I can't stop salivating. I was ok when everybody was taking deliveries in California, but to have one so close to home...I'M DYING HERE!

Dan


----------



## Trail Runner (May 15, 2016)

Those sheds, yard and MX seen the same as a Like Tesla episode where they took their Silver MX for an Ceramic clear coat to be done. I'm going to say that M3 got paint protection all over.


----------



## [email protected] Detail (Aug 1, 2017)

MelindaV said:


> What kind of work were you doing to it?


Detailing and ceramic coating, The new reformulated OptiCoat Pro Plus on this one.



Dan Detweiler said:


> Dang...
> 
> I can't stop salivating. I was ok when everybody was taking deliveries in California, but to have one so close to home...I'M DYING HERE!
> 
> Dan


I hear you Dan! Best part was having it here for 3 days and worse part when it left. 



Trail Runner said:


> Those sheds, yard and MX seen the same as a Like Tesla episode where they took their Silver MX for an Ceramic clear coat to be done. I'm going to say that M3 got paint protection all over.
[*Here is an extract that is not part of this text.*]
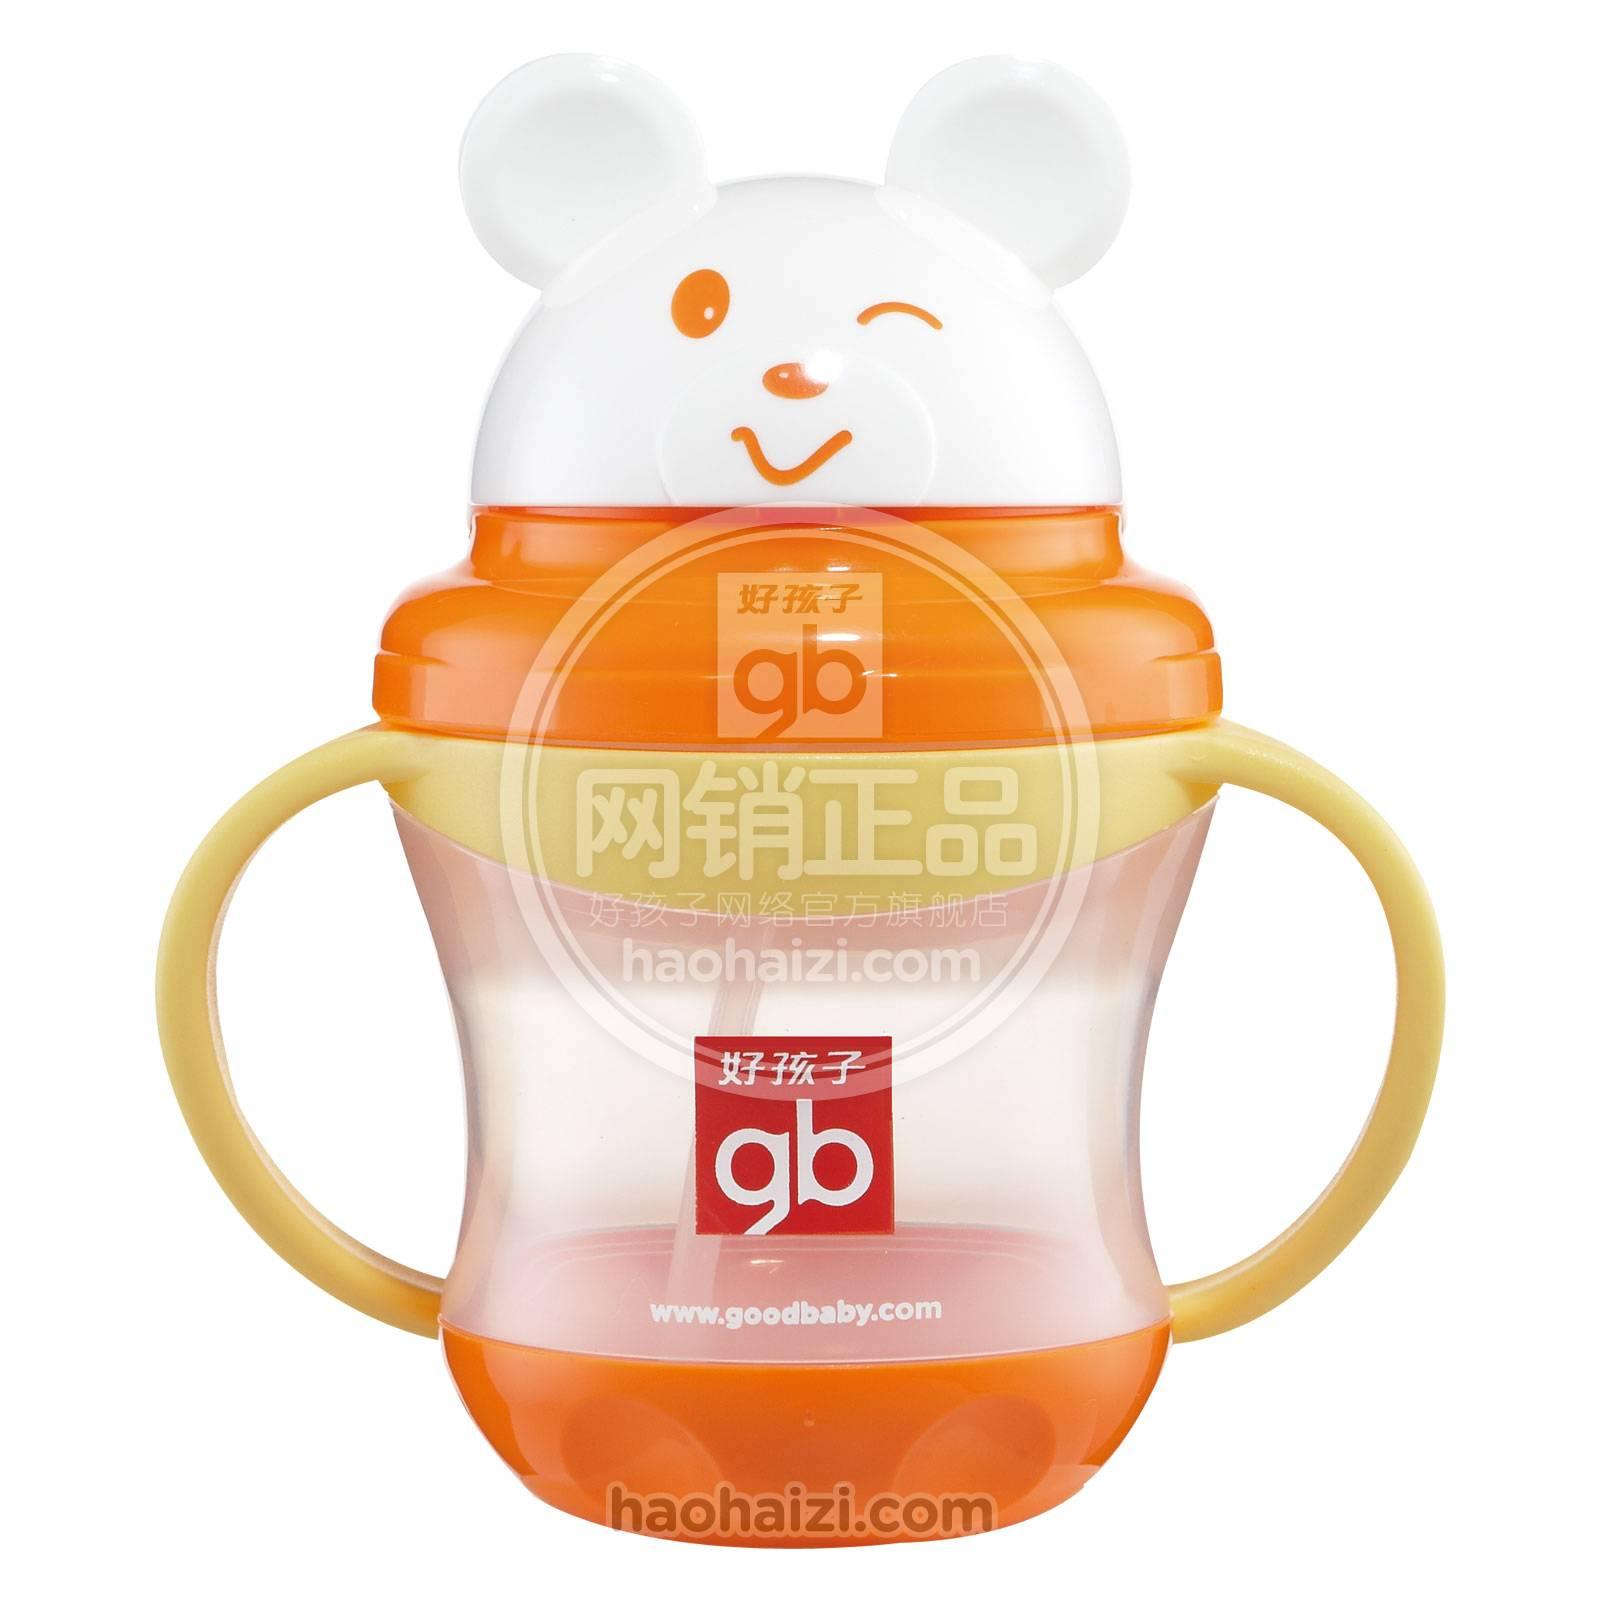 goodbaby 好孩子小熊可爱吸管杯宝宝训练杯水杯 h80009; 好孩子小熊

Yes, this is the same location. Paint, wheel (caps) and glass all had a ceramic coating applied.


----------



## Trail Runner (May 15, 2016)

Thanks for sharing. It looks very sharp and reflective. I plan to get this silver with OptiCoat Pro Plus for the body & glass. My metallic gray Tsportline wheels and aero wheel caps may also get treated.


----------



## Dan Detweiler (Apr 8, 2016)

AtlantaModel3 said:


> Detailing and ceramic coating, The new reformulated OptiCoat Pro Plus on this one.
> 
> I hear you Dan! Best part was having it here for 3 days and worse part when it left.
> 
> Yes, this is the same location. Paint, wheel (caps) and glass all had a ceramic coating applied.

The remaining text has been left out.